• _DATASET EXTRACT_:
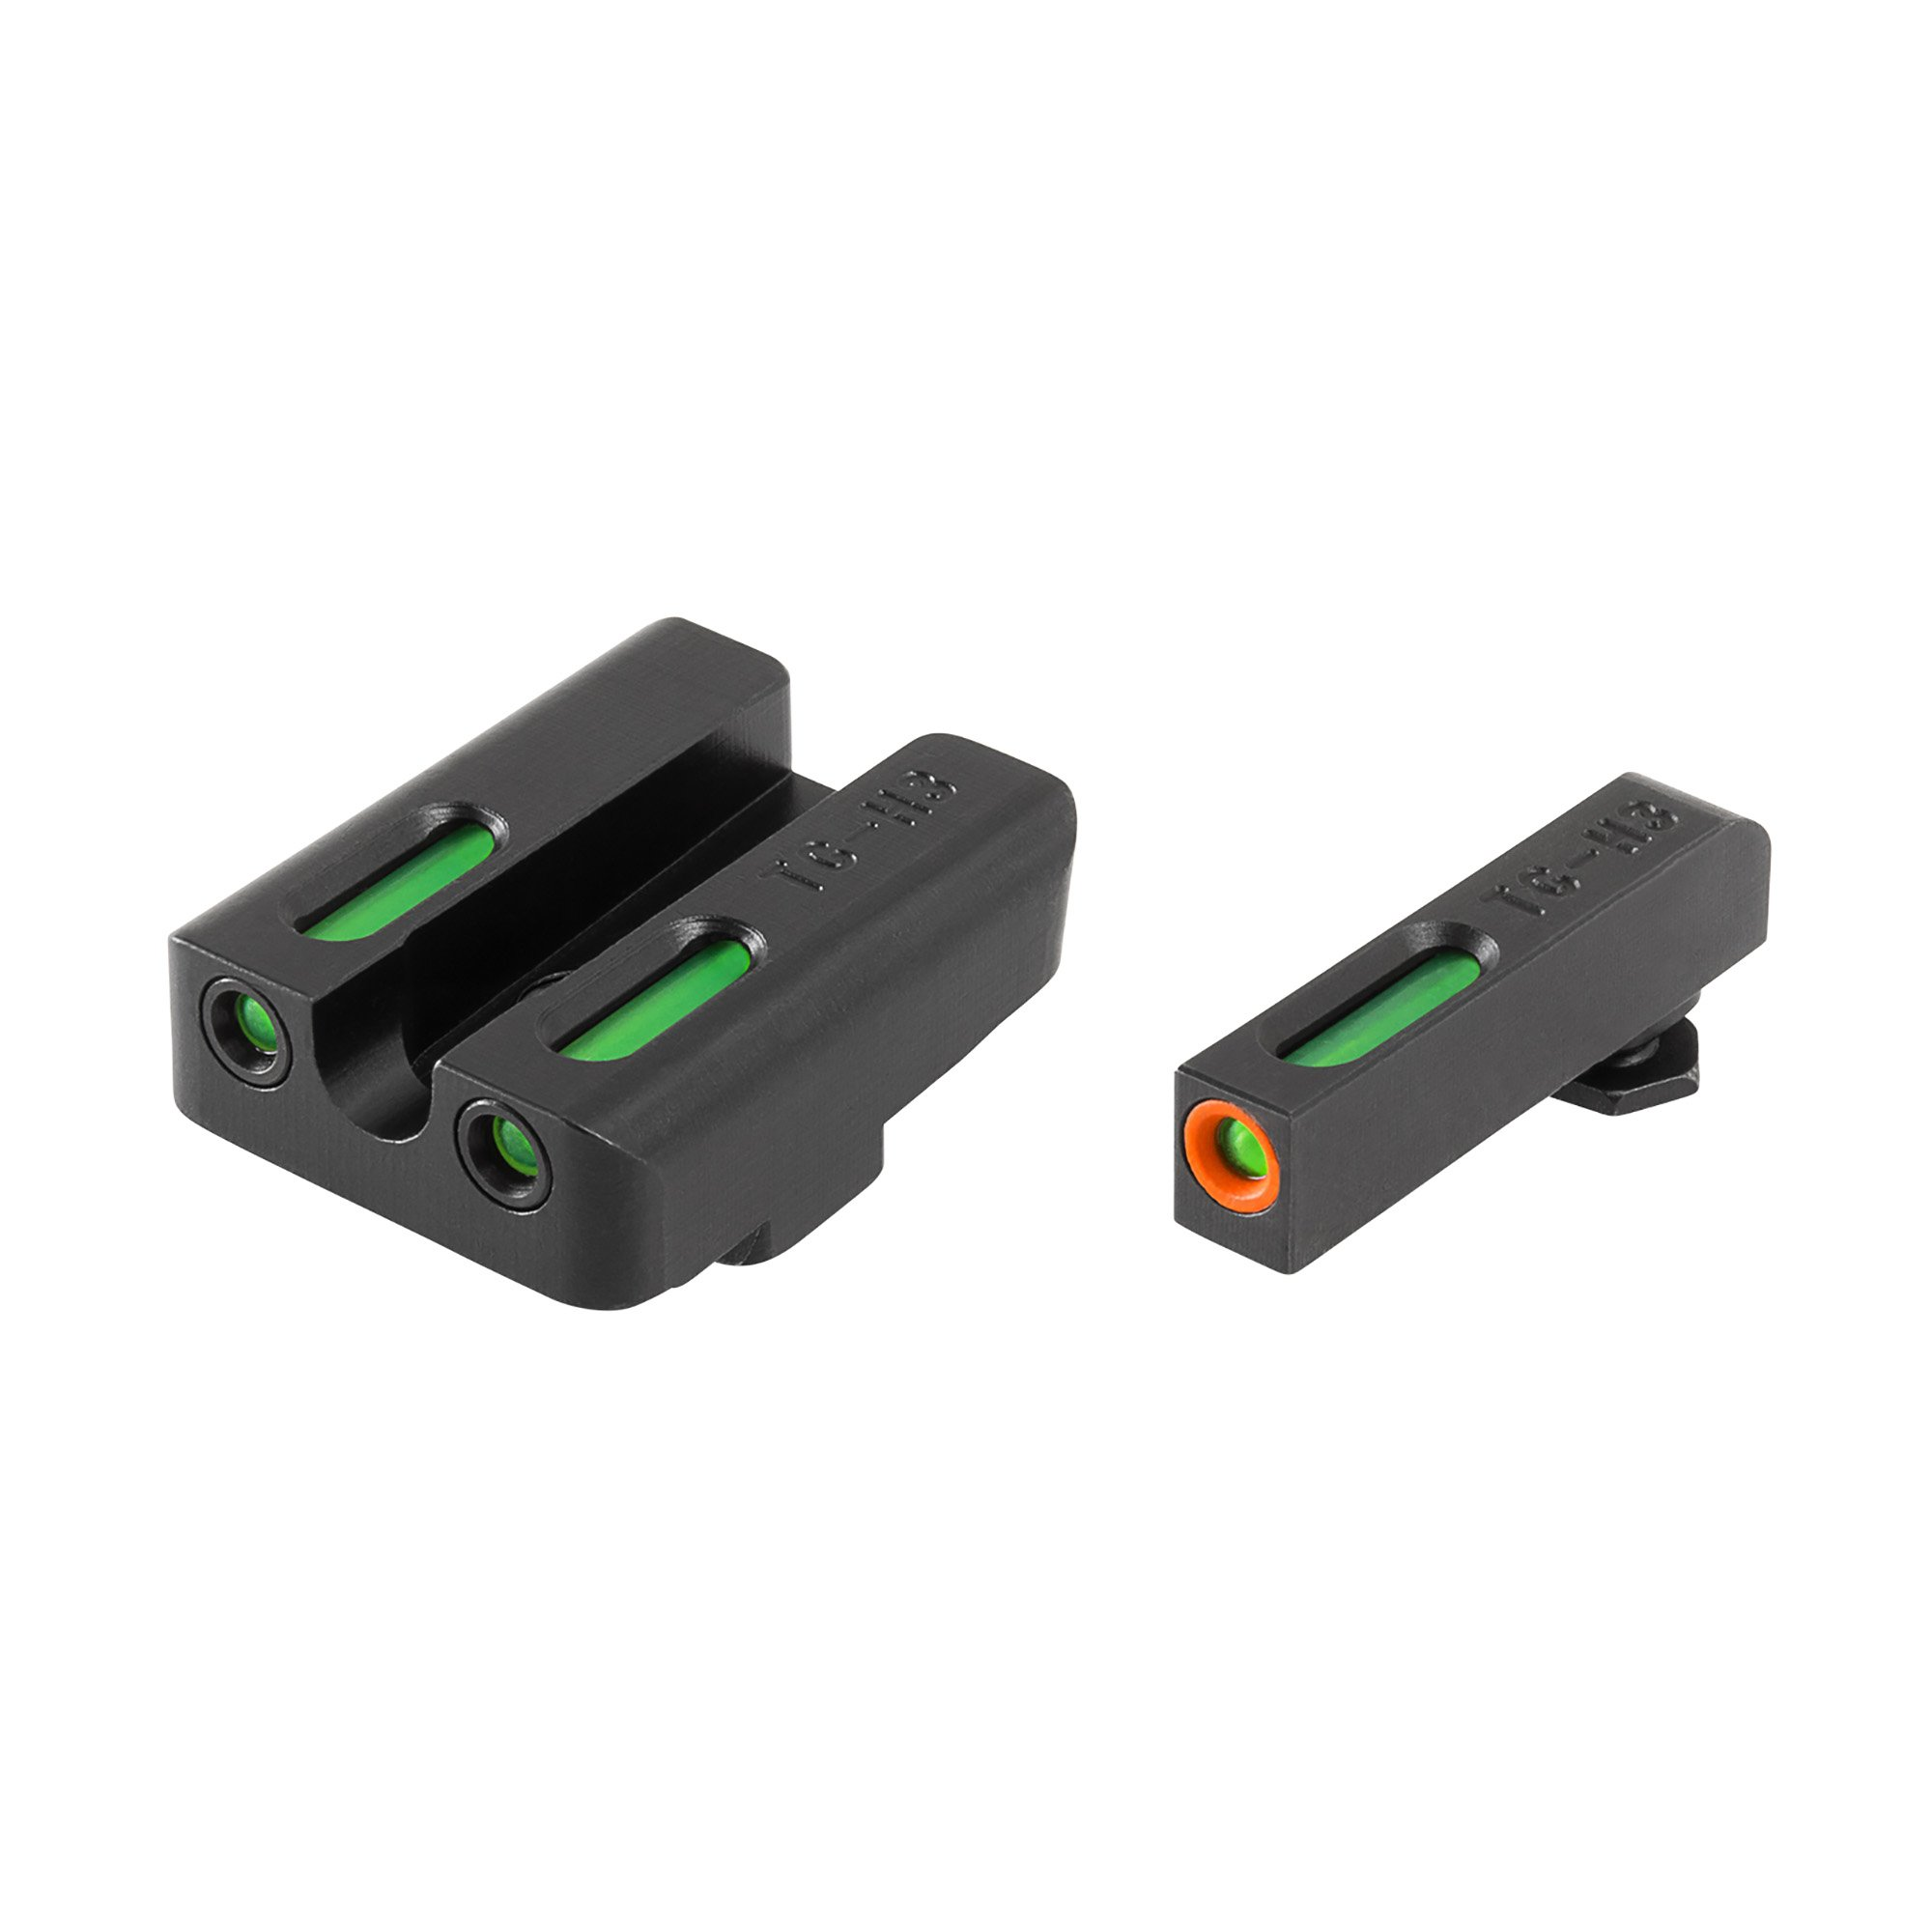 TRUGLO 1007606 TFX Glock High Set PRO Orn Handgun Sight by TRUGLO (Image #1)
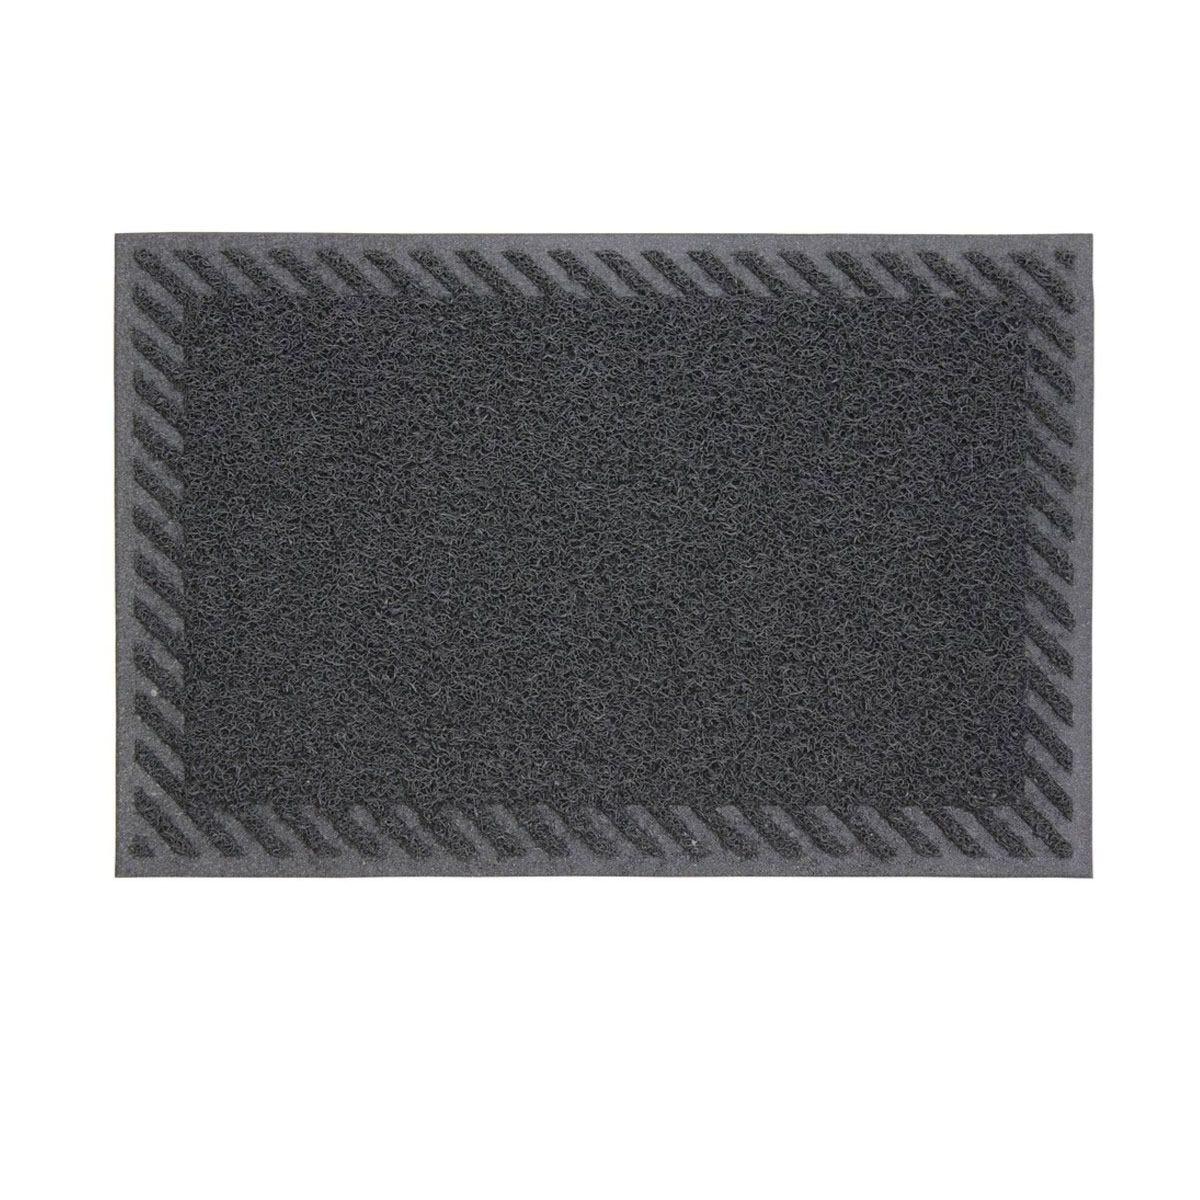 JVL Mud Grabber PVC Spaghetti 40 x 60cm Striped Door Mat - Grey
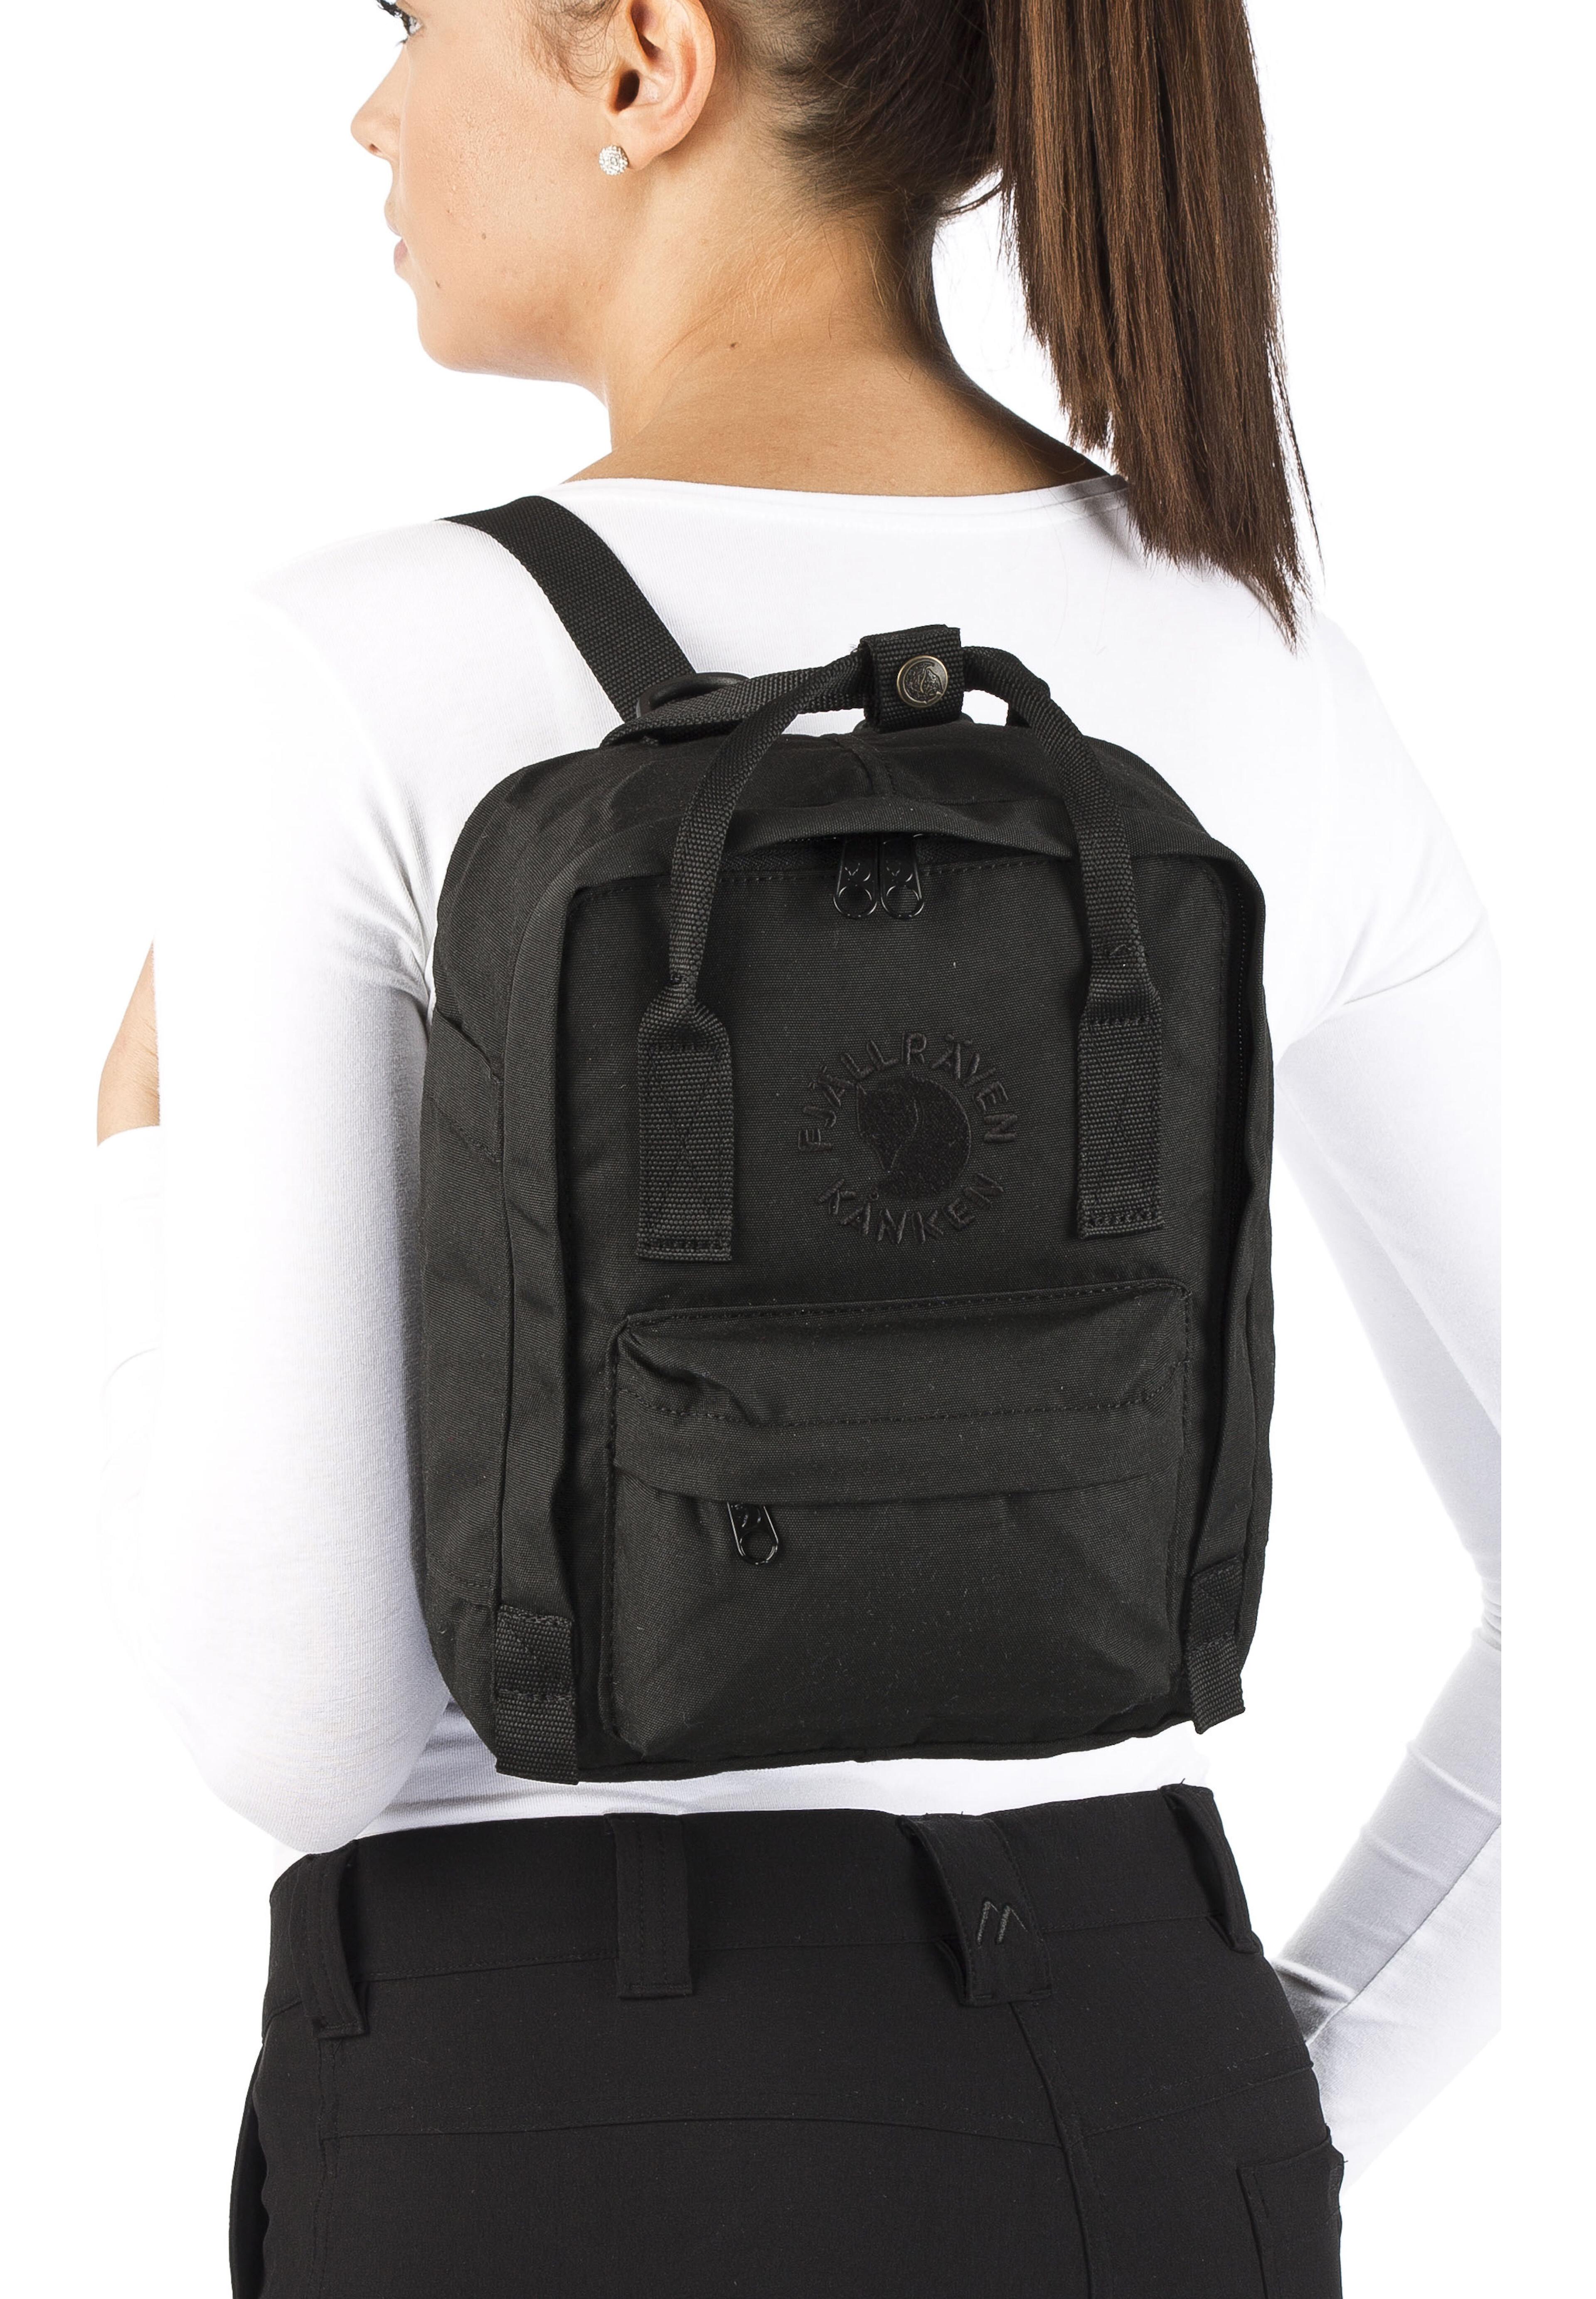 a75f7d60a38a Fjällräven Re-Kånken Mini Backpack black at Addnature.co.uk

• _ASSIGNMENT_:
Could you copy each line above exactly as written, minus any pictures?

• _RESULT BELOW_:
 TRUGLO 1007606 TFX Glock High Set PRO Orn Handgun Sight by TRUGLO (Image #1)
 JVL Mud Grabber PVC Spaghetti 40 x 60cm Striped Door Mat - Grey
 a75f7d60a38a Fjällräven Re-Kånken Mini Backpack black at Addnature.co.uk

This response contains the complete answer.